🤖 AI Summary
This paper addresses the robust recovery of the root graph from an online graph subjected to small perturbations—i.e., the inverse problem of the line graph operation. To overcome the inherent non-invertibility of line graph transformations, we propose a pseudo-inverse framework based on minimal edge editing: guided by the spectral norm as a theoretical criterion, the reconstruction is formulated as a linear integer program, enabling interpretable and approximate recovery of the root graph from its perturbed line graph. We establish theoretical guarantees on the stability and uniqueness of this pseudo-inverse. Experiments on Erdős–Rényi random graphs demonstrate high reconstruction accuracy and robustness under small perturbations.

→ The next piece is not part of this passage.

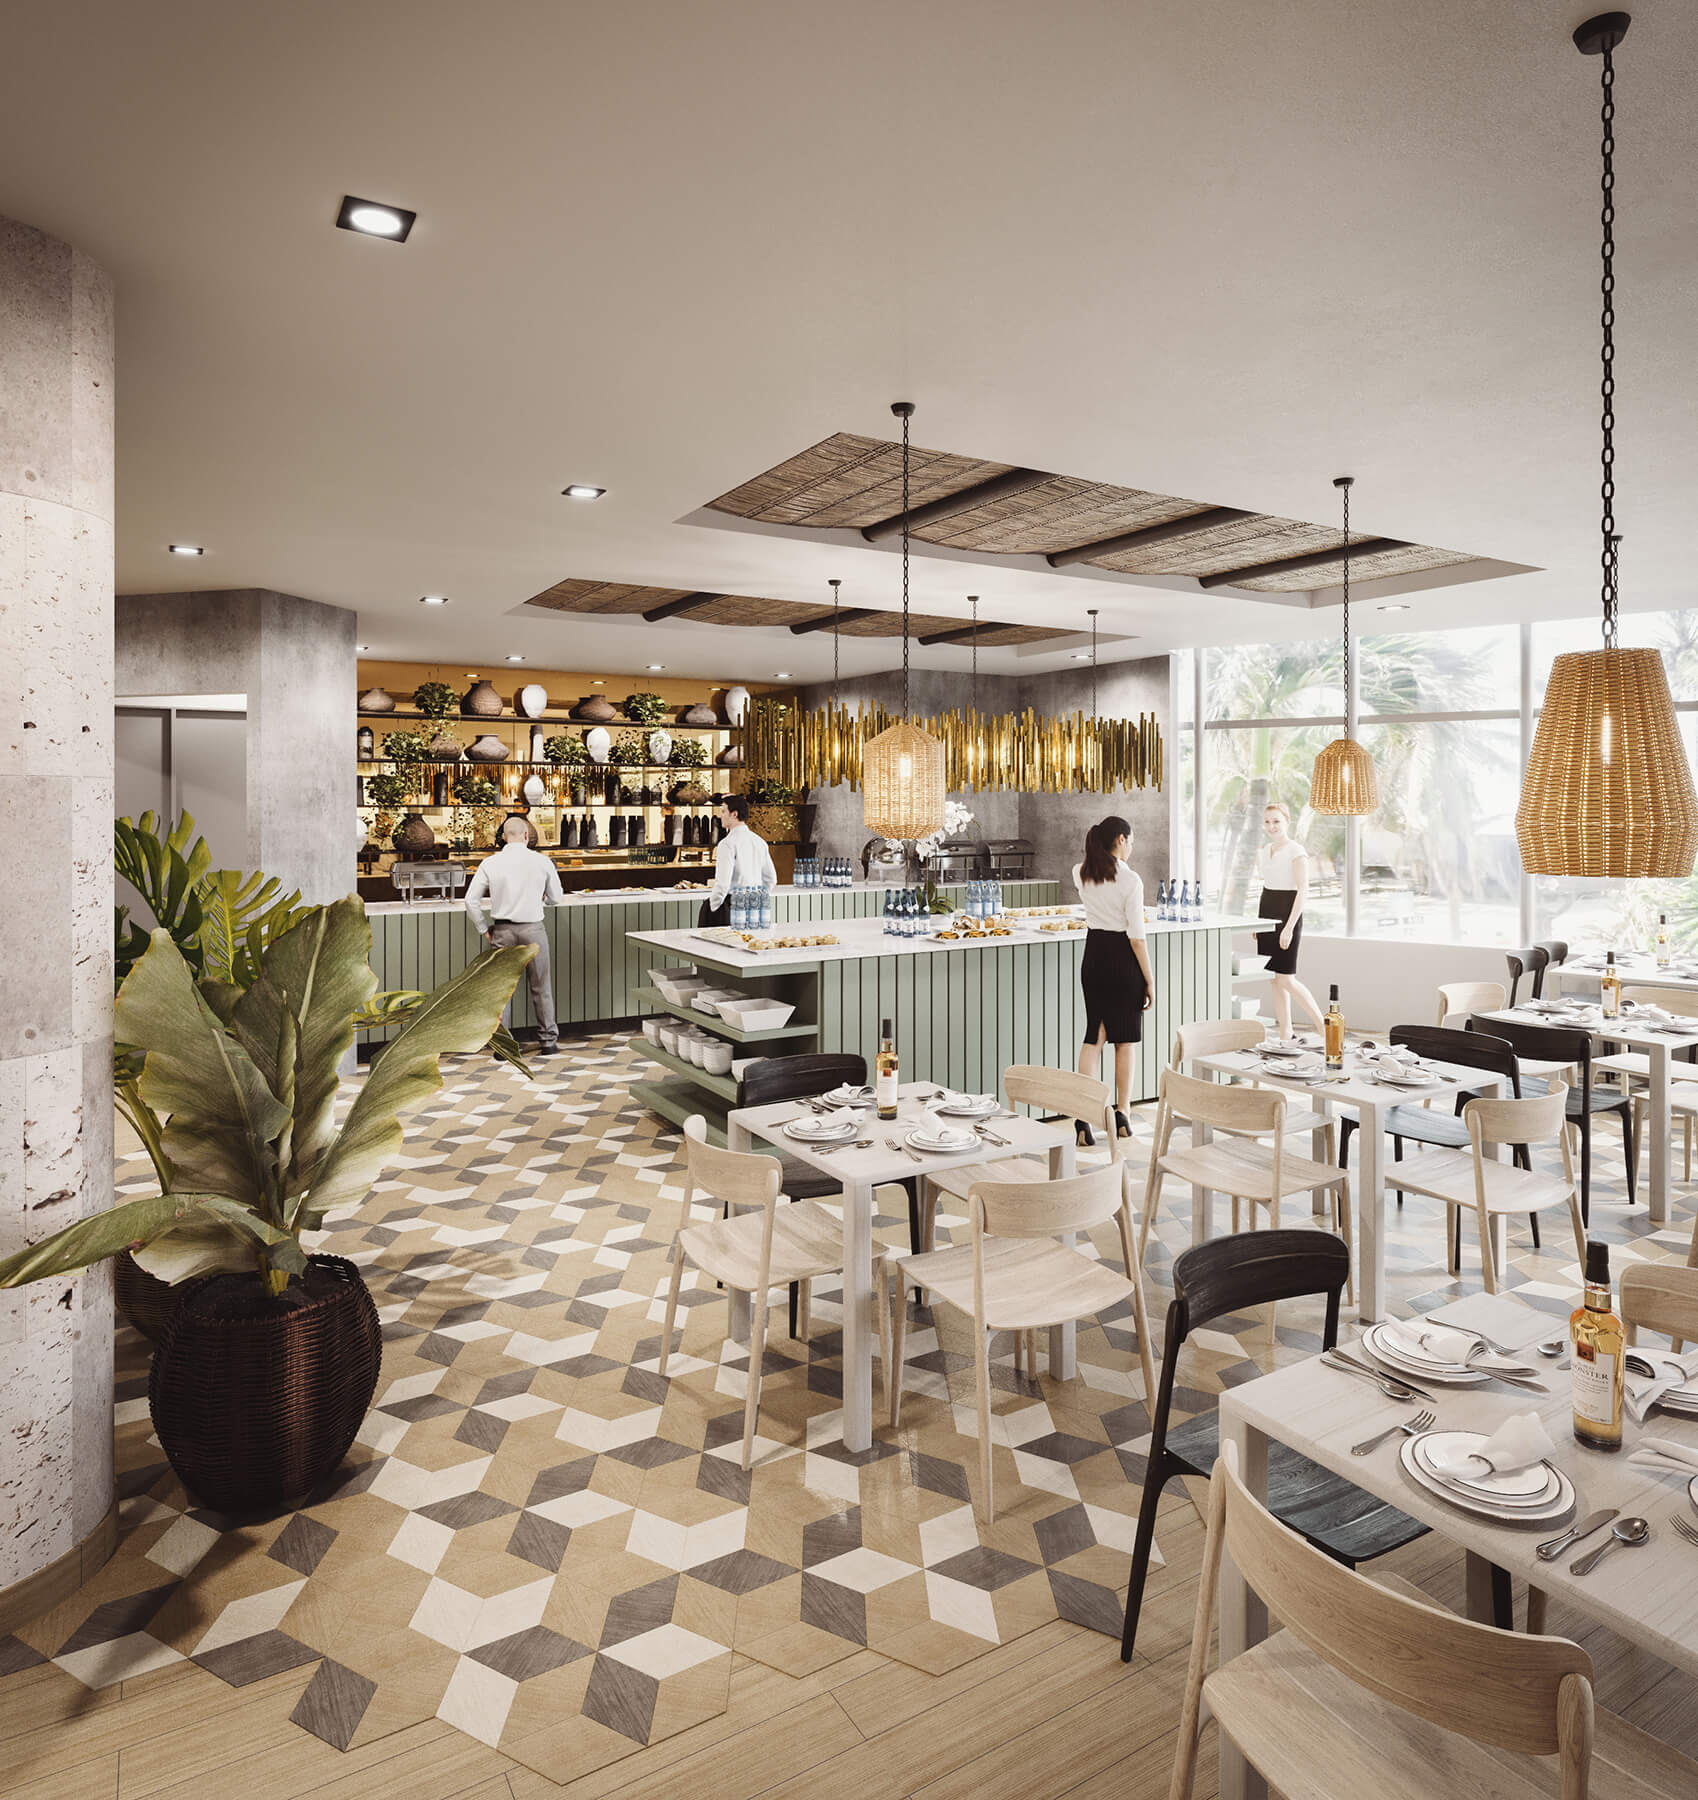 Restaurant interior by Daniel Diaz Del Castillo | Kstudio - 3ds Max Plugins
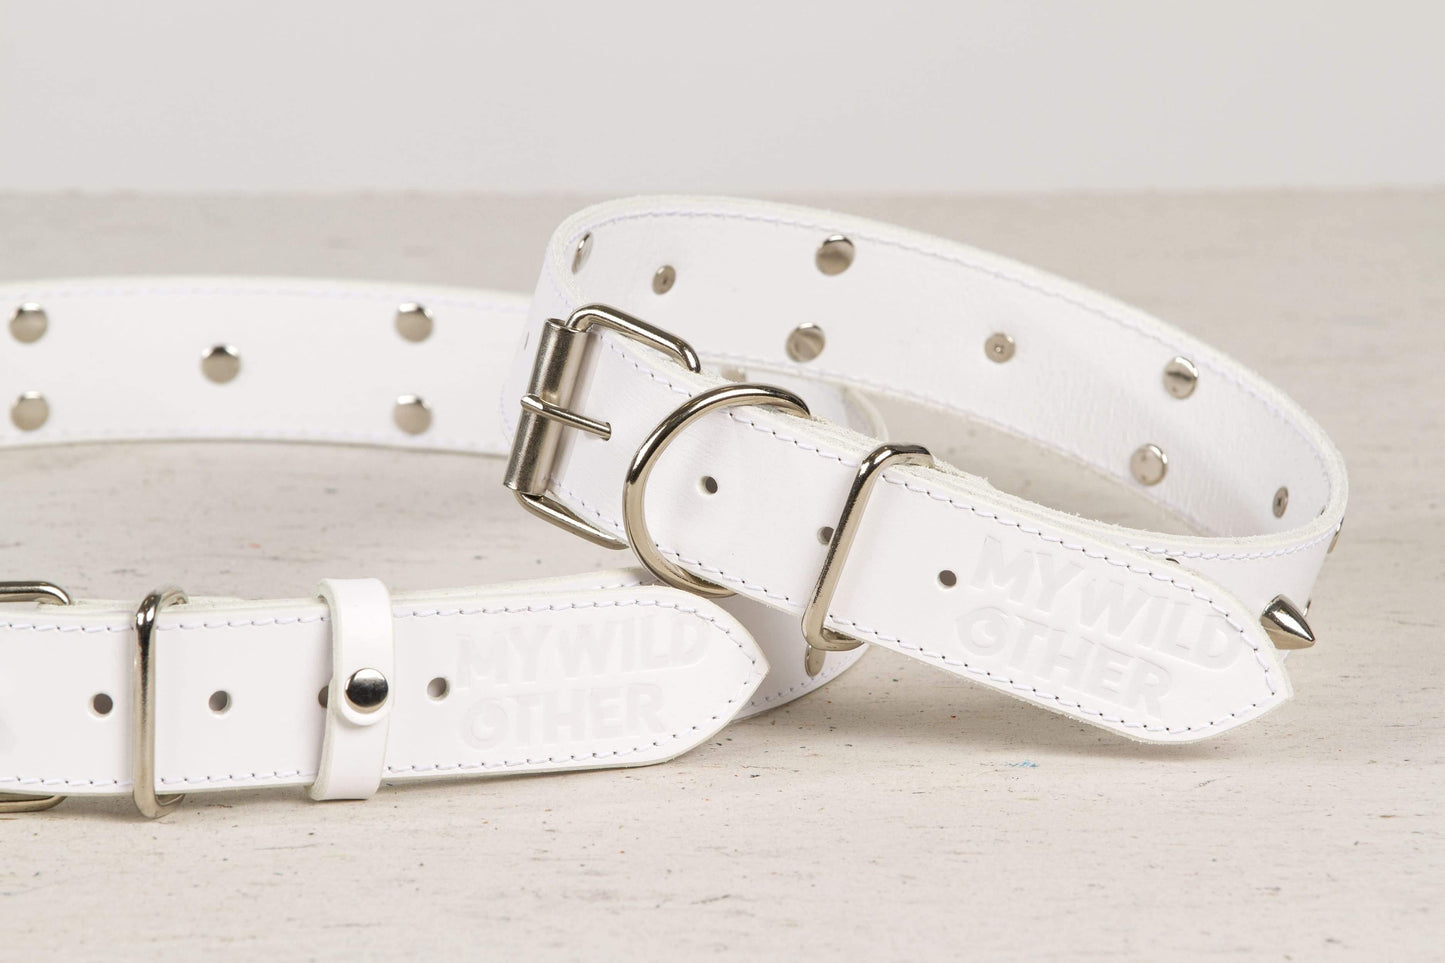 Handmade white leather STUDDED dog collar - premium dog goods handmade in Europe by animalistus

Our core contribution is the first systematic development of an approximate invertibility theory and algorithmic framework for line graphs, bridging spectral graph theory and combinatorial optimization to enable principled line graph inversion.
📝 Abstract
Line graphs are an alternative representation of graphs where each vertex of the original (root) graph becomes an edge. However not all graphs have a corresponding root graph, hence the transformation from graphs to line graphs is not invertible. We investigate the case when there is a small perturbation in the space of line graphs, and try to recover the corresponding root graph, essentially defining the inverse of the line graph operation. We propose a linear integer program that edits the smallest number of edges in the line graph, that allow a root graph to be found. We use the spectral norm to theoretically prove that such a pseudo-inverse operation is well behaved. Illustrative empirical experiments on Erdős-Rényi graphs show that our theoretical results work in practice.